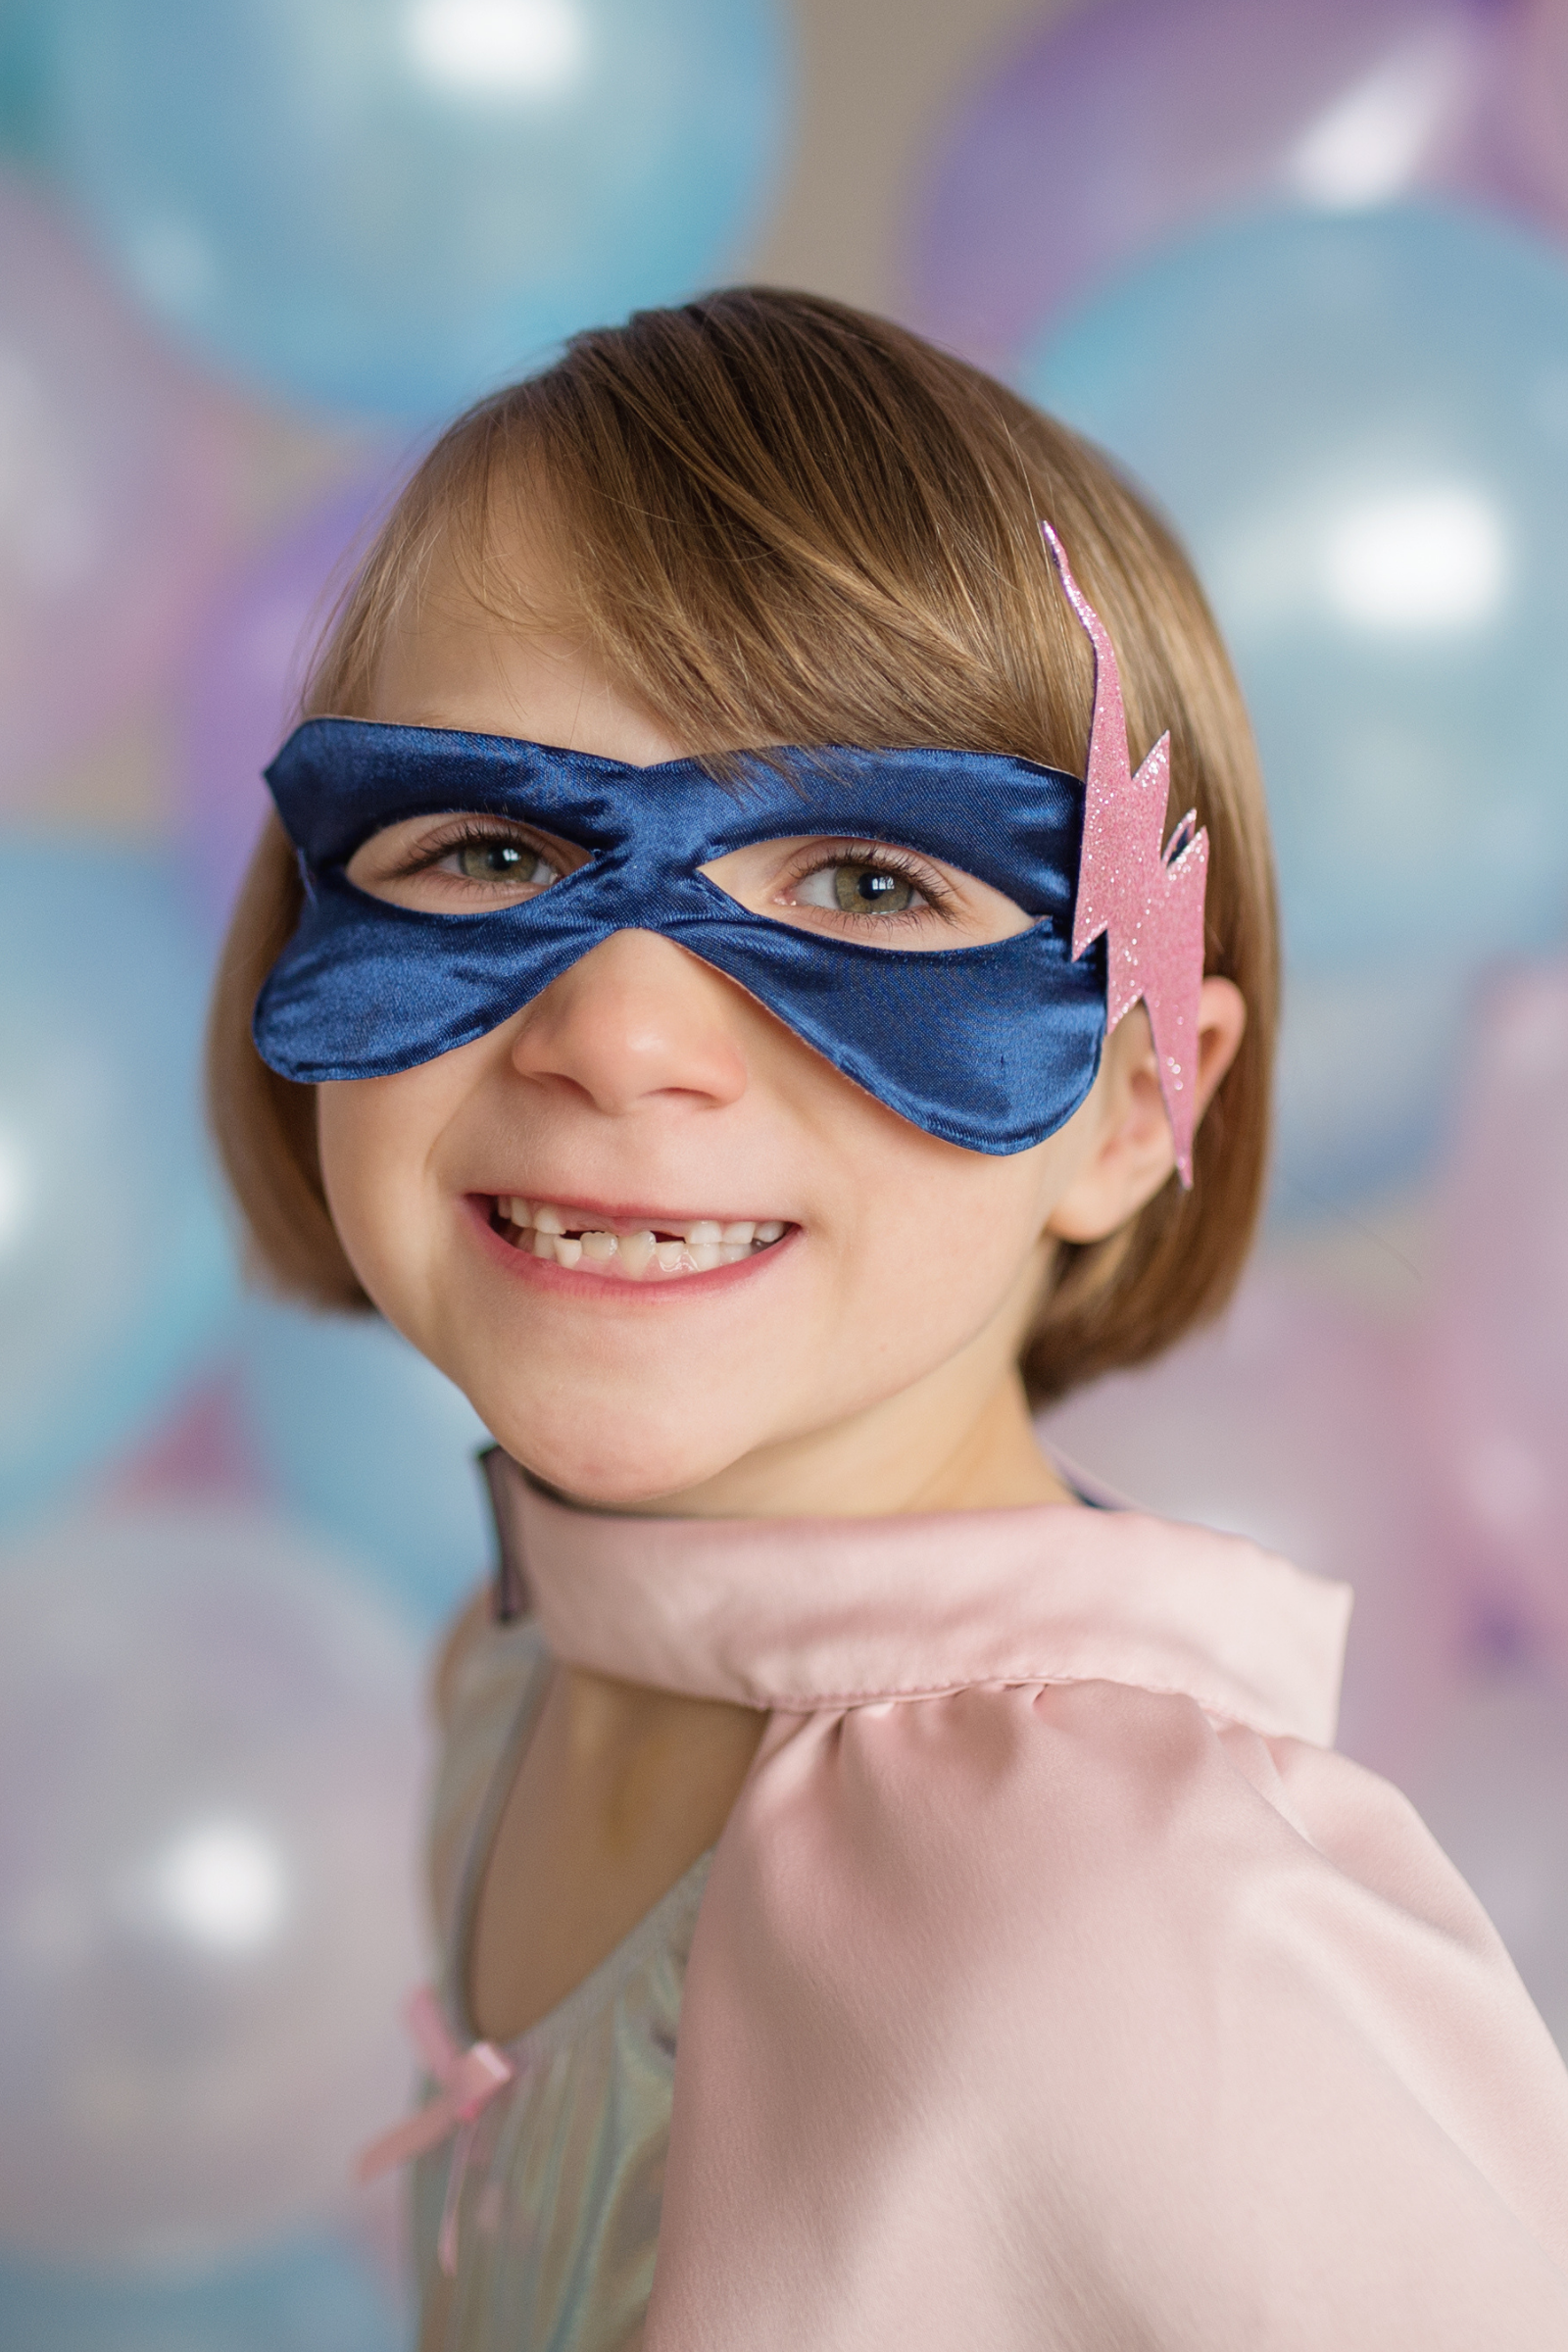 Great Pretenders Superhero Fancy Dress for Girls - Includes tutu, cape and  mask! girl
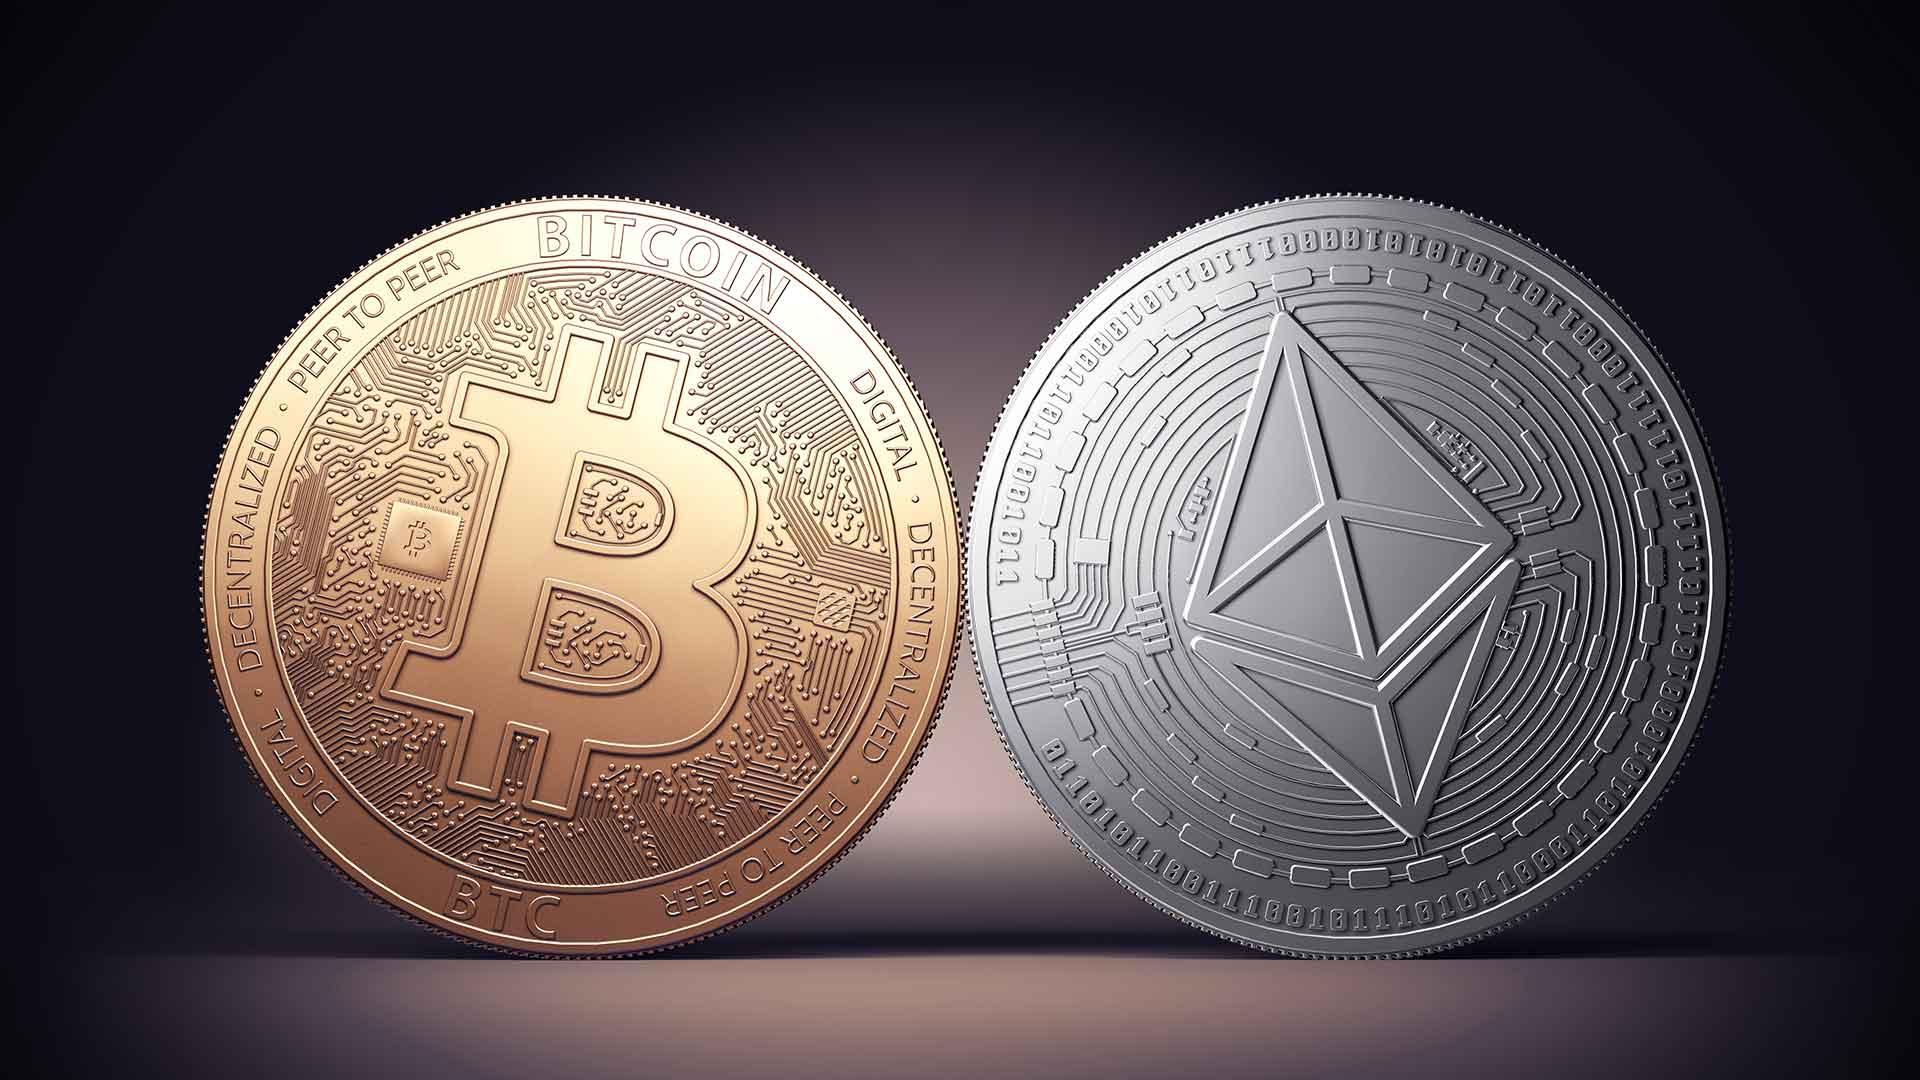 Ethereum is a 'Better' Value Store than Bitcoin: Academic Research Claims
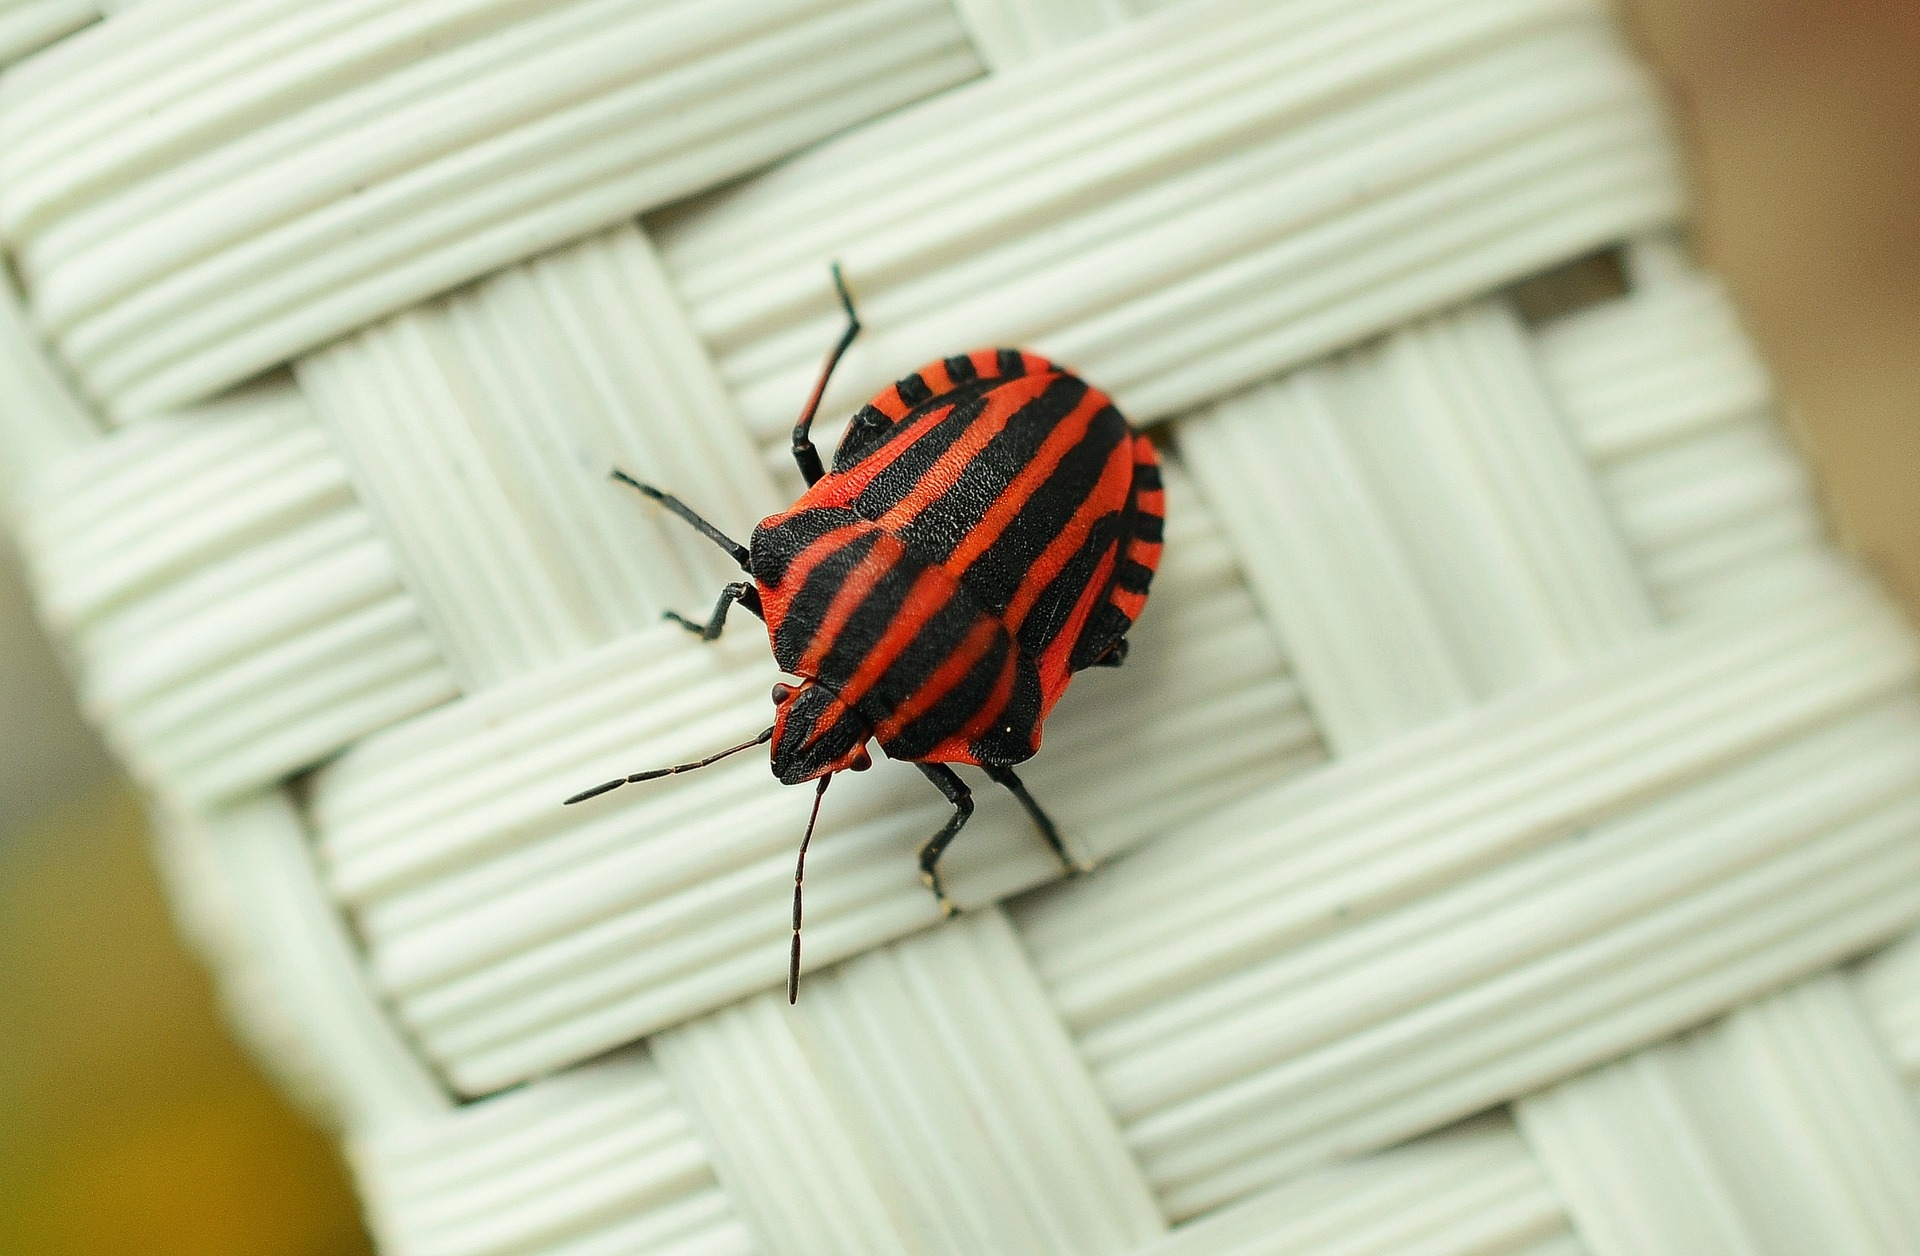 Image of a bug

WHAT THE TASK REQUIRES: Without any pictures, repeat the listing exactly.

OUTPUT FOR THIS TASK:
 Great Pretenders Superhero Fancy Dress for Girls - Includes tutu, cape and  mask! girl
 Ethereum is a 'Better' Value Store than Bitcoin: Academic Research Claims
 Image of a bug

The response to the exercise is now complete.